Hawaii Senator Mazie Hirono Donating Salary Earned During Government Shutdown To Food Banks In Home State


The government has been partially shut down for a week now, and is likely to continue into the next year, meaning almost 800,000 federal employees have either been furloughed or are continuing to work without pay. Congress, however, are still part of a select group still receiving a regular salary, though Newsweek reports that one senator will not be keeping her earnings for herself.

On Thursday, December 27, the sixth day of the government shutdown, Democratic Senator Mazie Hirono from Hawaii announced in a news release that she would be donating the salary she receives throughout the entirety of the partial shutdown to food banks across her home state.

“More than 2,500 federal workers in Hawaii are either furloughed or working without pay during the holidays because Donald Trump shut down the government,” Hirono said in her statement.

“As long as Donald Trump refuses to re-open the government, I will be donating my salary to Hawaii’s food banks — who serve nearly one in eight Hawaii residents in need,” she continued.

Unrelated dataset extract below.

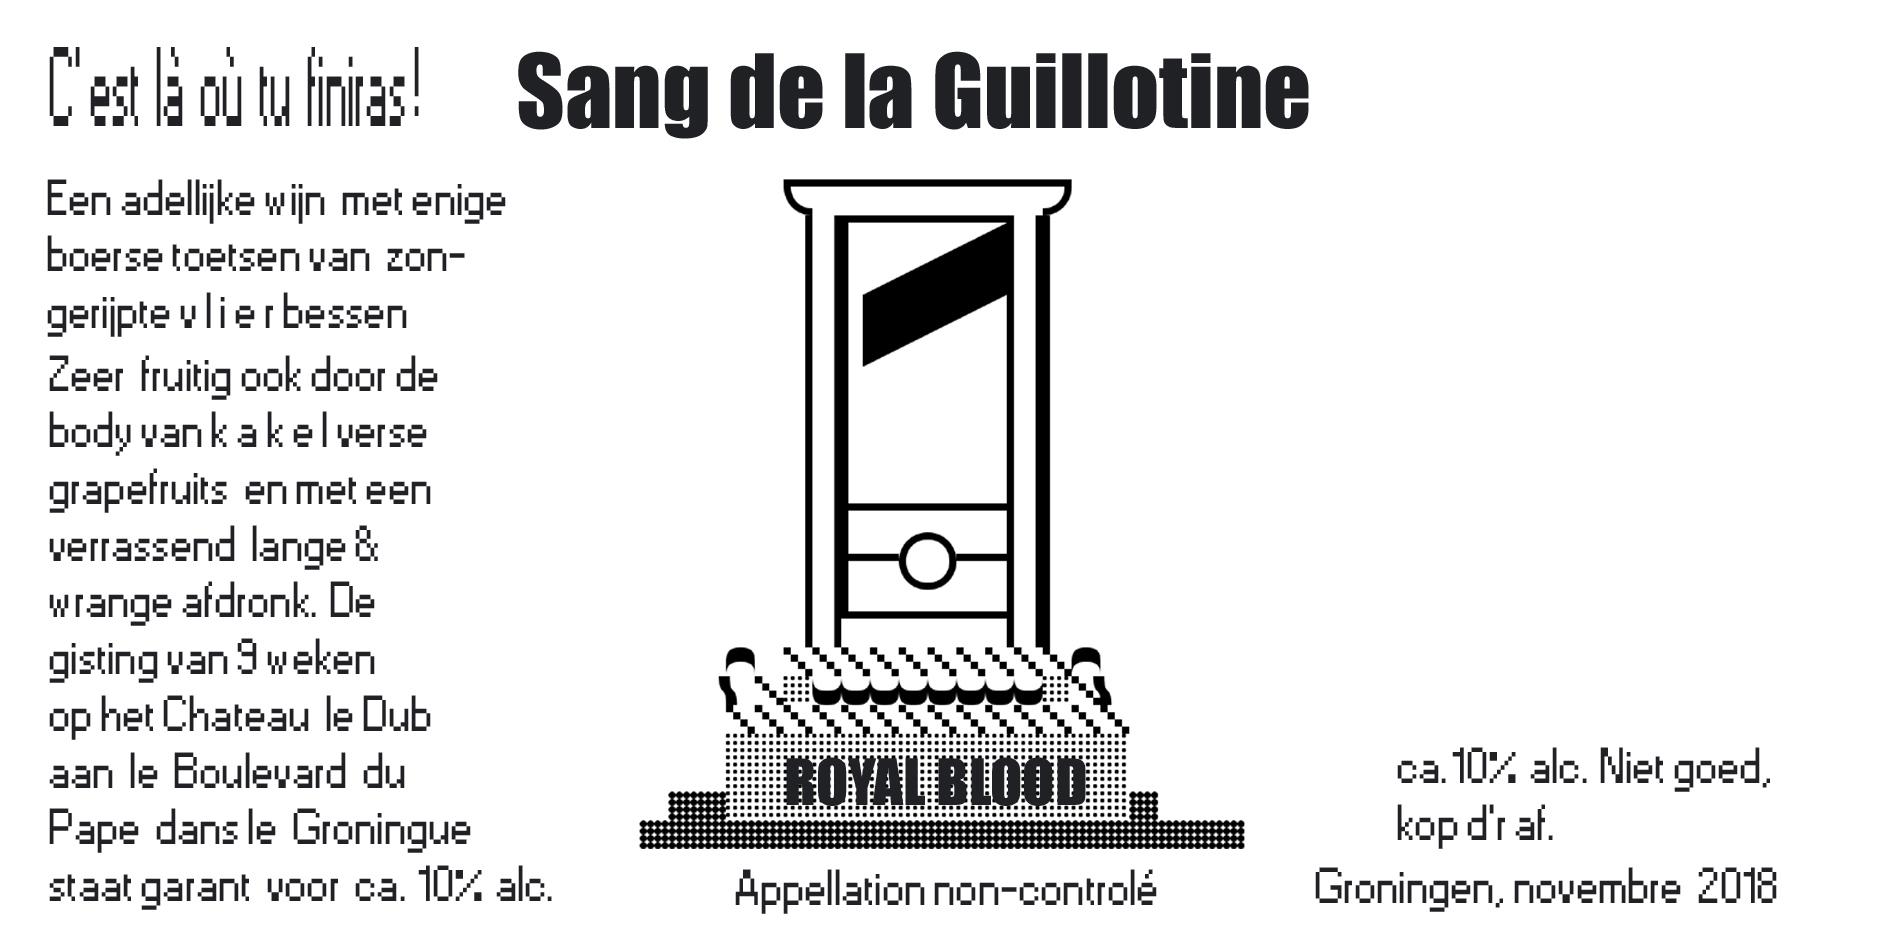 sang-de-la-guillotine-etiket

According to Newsweek, Hirono receives an annual salary of $174,000 a year, which breaks down to roughly $3,500 a week, the amount she has earned since the current shutdown began. She will be splitting her pay between the Hawaii Food Bank on Oahu and Kauai, Maui Food Bank and Hawaii Food Basket on Hawaii Island.

Hirono has taken similar action during previous government shutdowns, donating her salary to Hawaii’s 14 Federally Qualified Community Health Centers in January, 2018, and among five different organizations in her home state during the government shutdown in 2013.

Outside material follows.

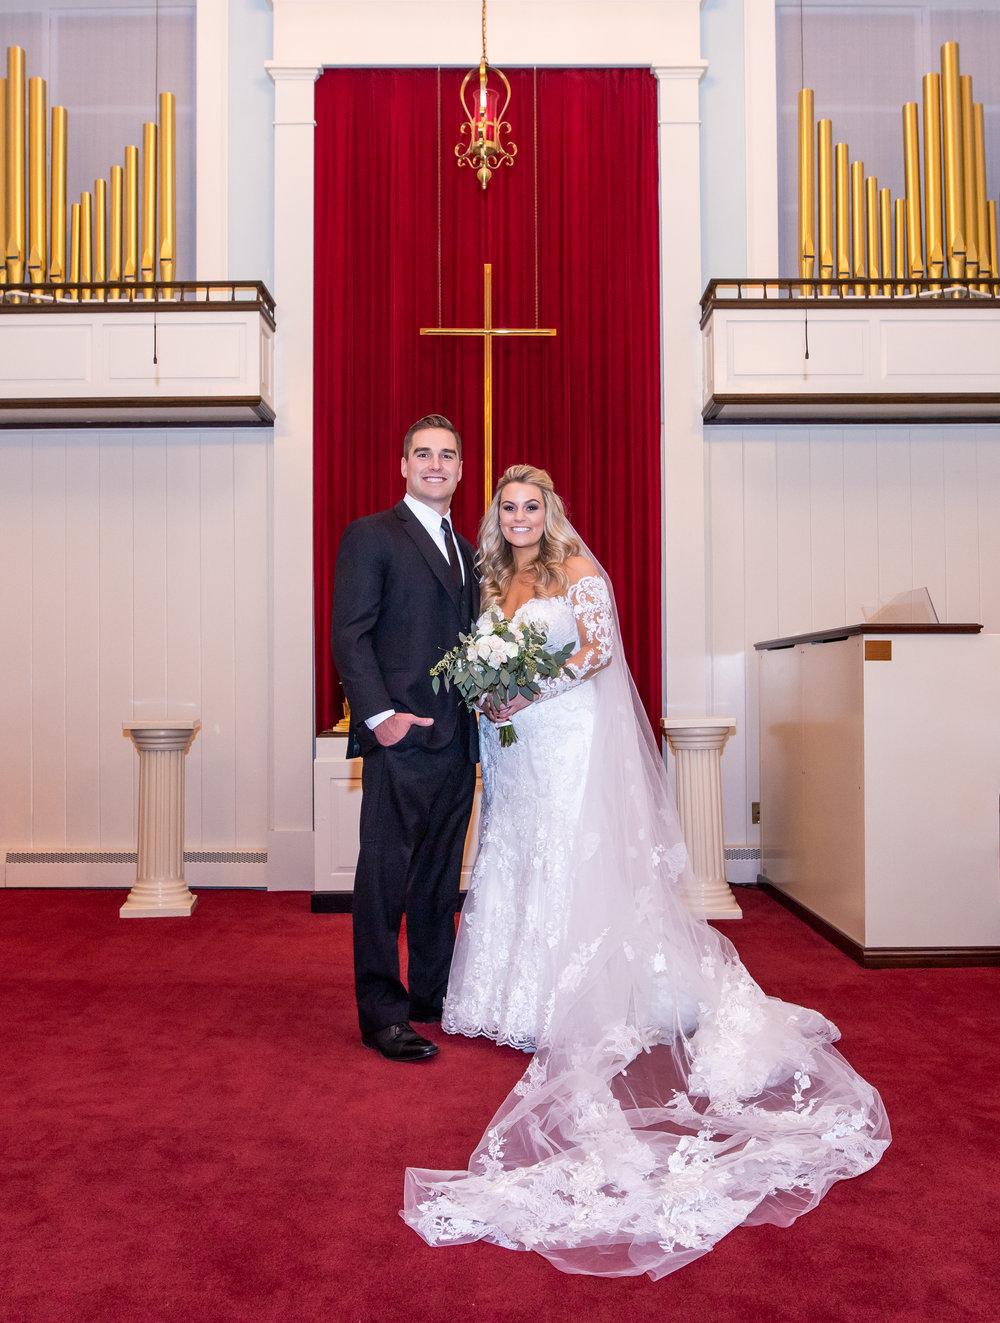 Union Chapel-wedding-photographer-Indianapolis-Indiana.jpg

Hirono is not the only official who has vowed not to take their salary in the wake of the government’s current state. As previously reported by the Inquisitr, Democratic Senator Catherine Cortez Masto of Nevada has also stated she would be donating her earnings to charity.

“I cannot take a salary during a government shutdown knowing that so many federal workers in Nevada and across the country will go without pay,” she wrote on Twitter during the first days of the shutdown. “I’ll be donating my salary to a Nevada charity for every day of the Trump shutdown.”

The Hill also noted that both of North Dakota’s senators — Republican John Hoeven and Democrat Heidi Heitkamp — will be donating their paychecks from the shutdown as well.

The government partially shut down at midnight on Saturday, December 22, after Congress was unable to pass legislation that funded the government and also included the $5 billion demanded by President Trump for a wall along the U.S.-Mexico border.